Re: [PATCH v5 net-next 1/3] net: introduce page_pool pointer in softnet_data percpu struct

Jesper Dangaard Brouer <hawk@xxxxxxxxxx> · Wed, 20 Dec 2023 13:00:42 +0100

On 19/12/2023 16.23, Paolo Abeni wrote:
On Thu, 2023-12-14 at 15:29 +0100, Lorenzo Bianconi wrote:
Allocate percpu page_pools in softnet_data.
Moreover add cpuid filed in page_pool struct in order to recycle the
page in the page_pool "hot" cache if napi_pp_put_page() is running on
the same cpu.
This is a preliminary patch to add xdp multi-buff support for xdp running
in generic mode.

Signed-off-by: Lorenzo Bianconi <lorenzo@xxxxxxxxxx>
---
  include/linux/netdevice.h       |  1 +
  include/net/page_pool/helpers.h |  5 +++++
  include/net/page_pool/types.h   |  1 +
  net/core/dev.c                  | 39 ++++++++++++++++++++++++++++++++-
  net/core/page_pool.c            |  5 +++++
  net/core/skbuff.c               |  5 +++--
  6 files changed, 53 insertions(+), 3 deletions(-)

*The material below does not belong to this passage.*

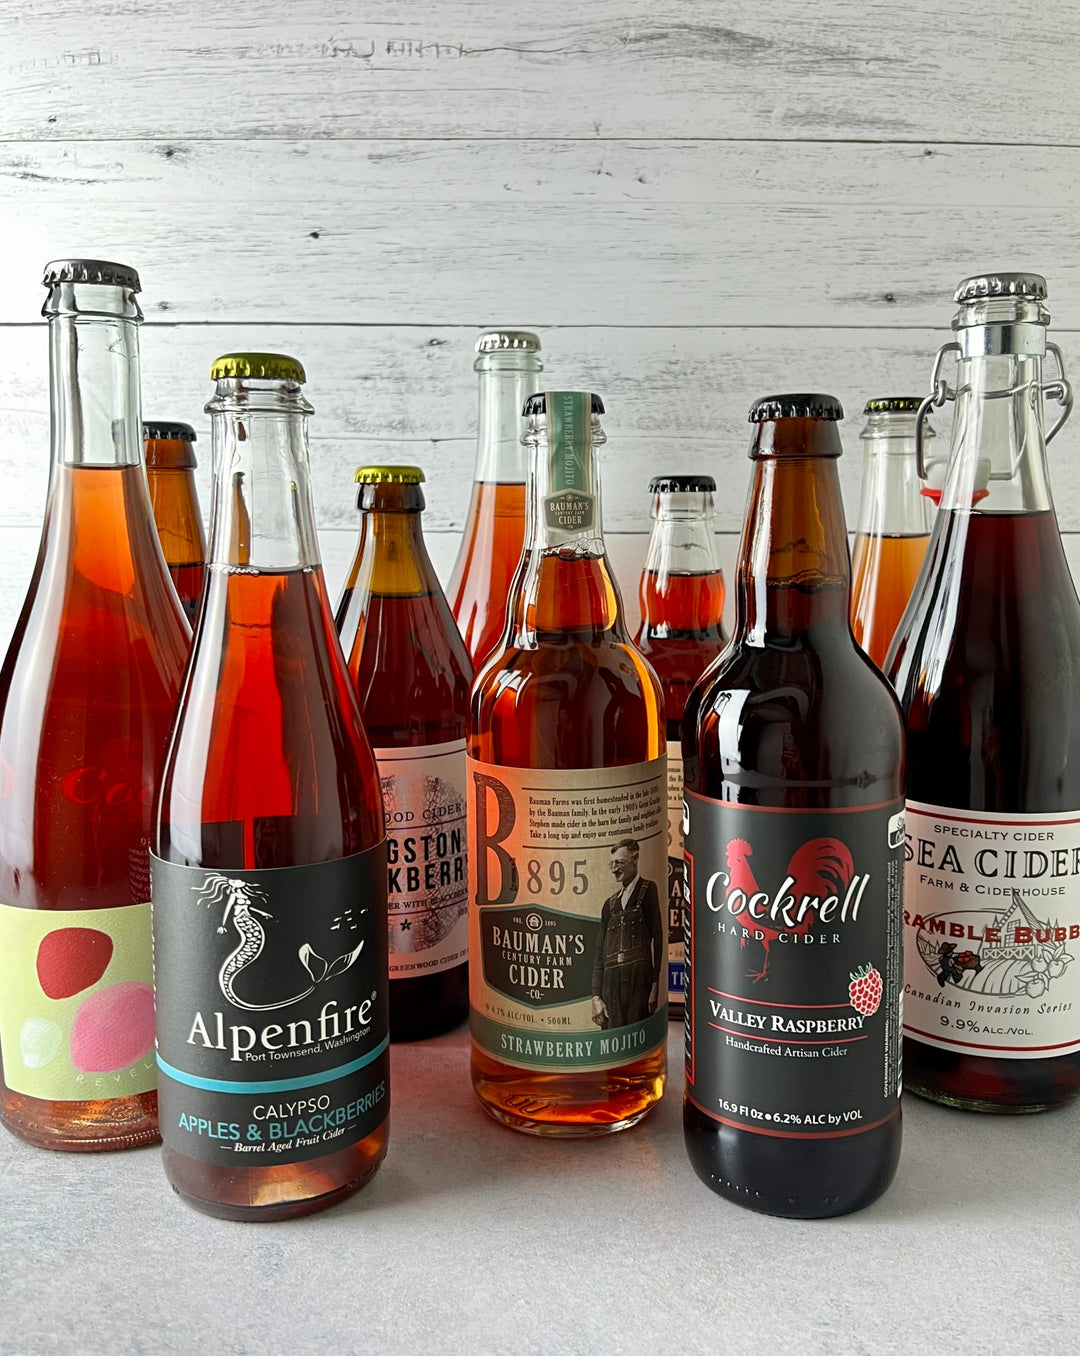 Multiple bottles of fruited cider, including Revel, Alpenfire, Bauman's, Cockrell, Sea Cider, and Greenwood

@Jesper, @Ilias: could you please have a look at the pp bits?

I have some concerns... I'm still entertaining the idea, but we need to
be aware of the tradeoffs we are making.

(1)
Adding PP to softnet_data means per CPU caching 256 pages in the
ptr_ring (plus likely 64 in the alloc-cache).   Fortunately, PP starts
out empty, so as long as this PP isn't used they don't get cached. But
if used, then PP don't have a MM shrinker that removes these cached
pages, in case system is under MM pressure.  I guess, you can argue that
keeping this per netdev rx-queue would make memory usage even higher.
This is a tradeoff, we are trading memory (waste) for speed.

(2) (Question to Jakub I guess)
How does this connect with Jakub's PP netlink stats interface?
E.g. I find it very practical that this allow us get PP stats per
netdev, but in this case there isn't a netdev.

(3) (Implicit locking)
PP have lockless "alloc" because it it relies on drivers NAPI context.
The places where netstack access softnet_data provide similar protection
that we can rely on for PP, so this is likely correct implementation
wise.  But it will give people like Sebastian (Cc) more gray hair when
figuring out how PREEMPT_RT handle these cases.

(4)
The optimization is needed for the case where we need to re-allocate and
copy SKB fragments.  I think we should focus on avoiding this code path,
instead of optimizing it.  For UDP it should be fairly easy, but for TCP
this is harder.

--Jesper